What the task requires: Retype the lines of the listing below exactly, but only those from the one containing "Percy's luxury biscuits Instagram" through the last line; pictures stay out.

Collected data:
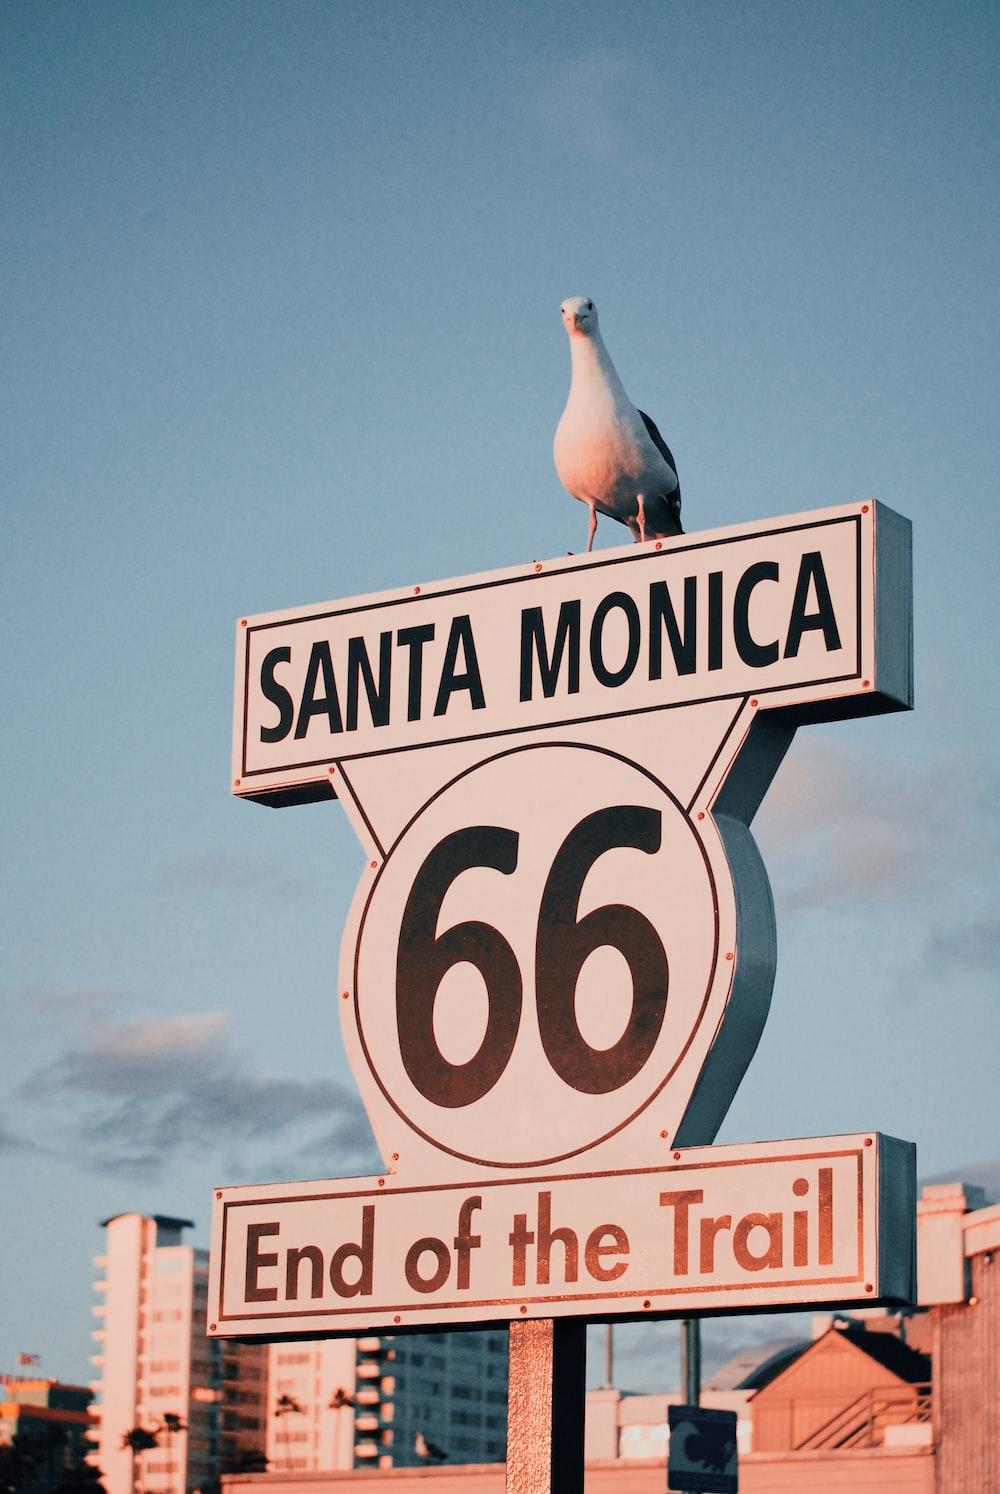 Santa Monica 66 signage
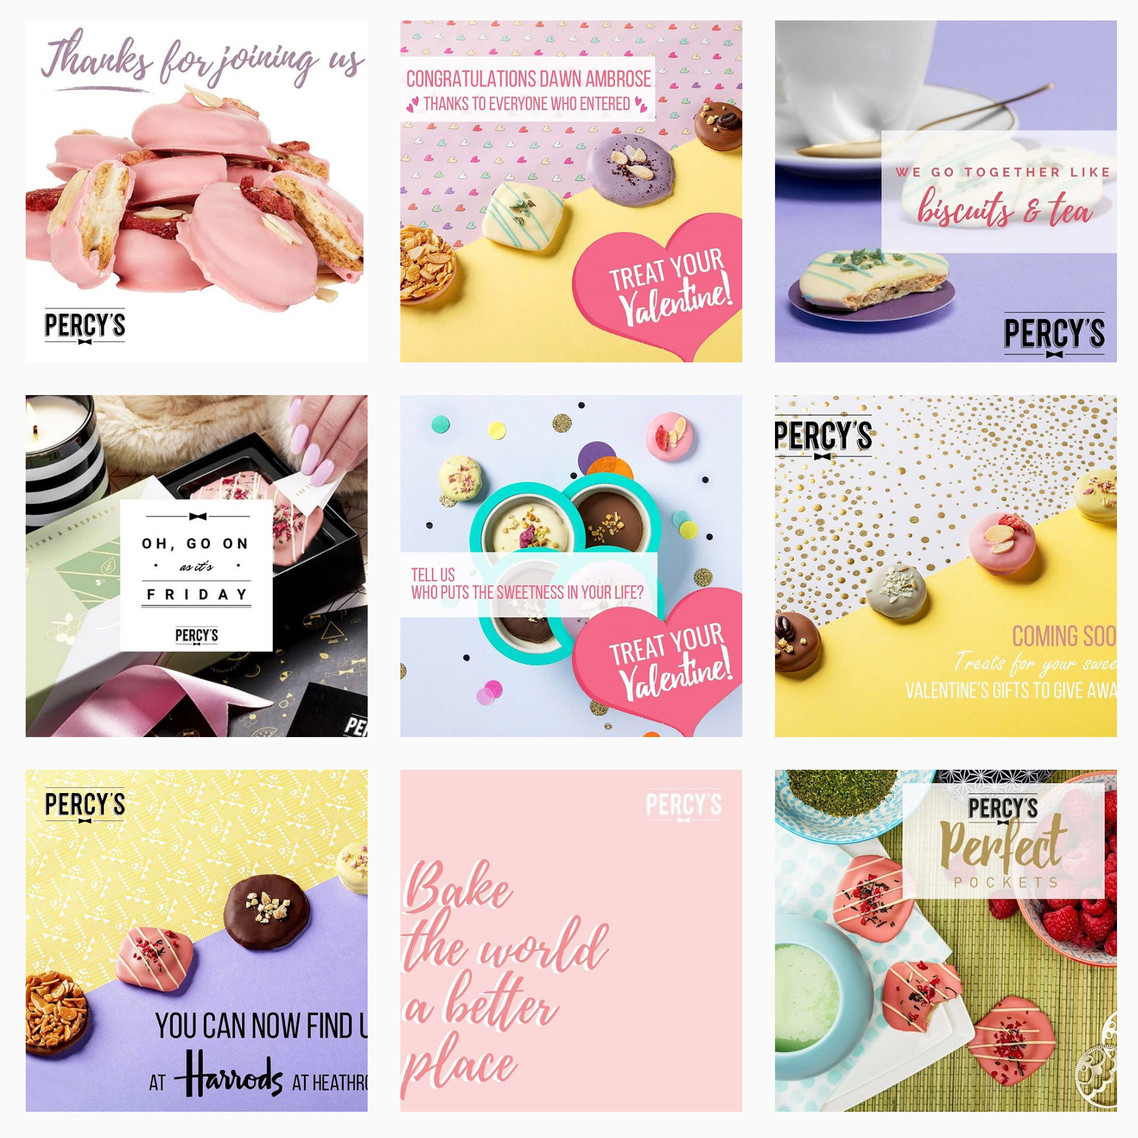 Percy's luxury biscuits Instagram
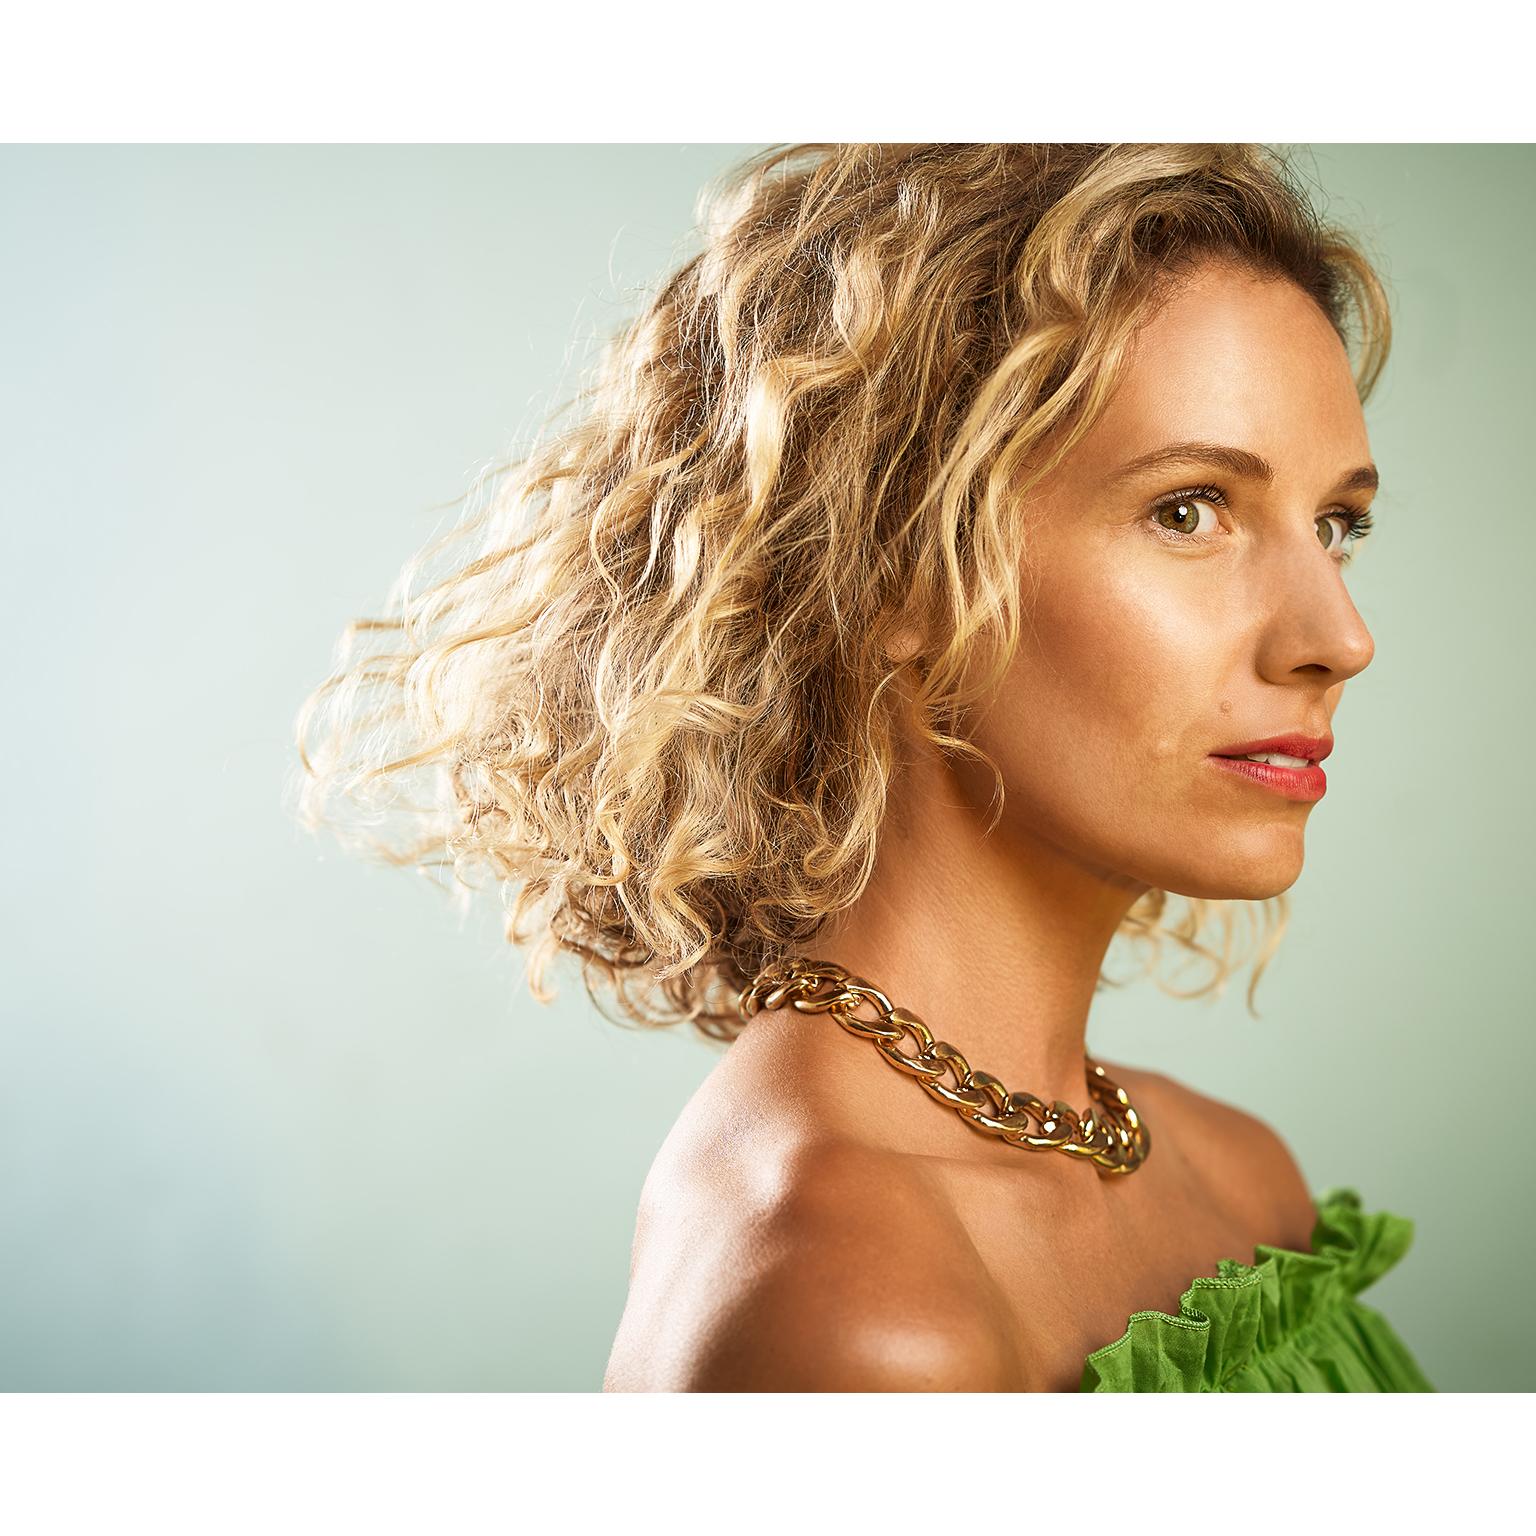 Toronto-Fitness-Model-Agency-Commercial-BEauty-Portrait-Tiffany-Babiak

Answer for this exercise:
 Percy's luxury biscuits Instagram
 Toronto-Fitness-Model-Agency-Commercial-BEauty-Portrait-Tiffany-Babiak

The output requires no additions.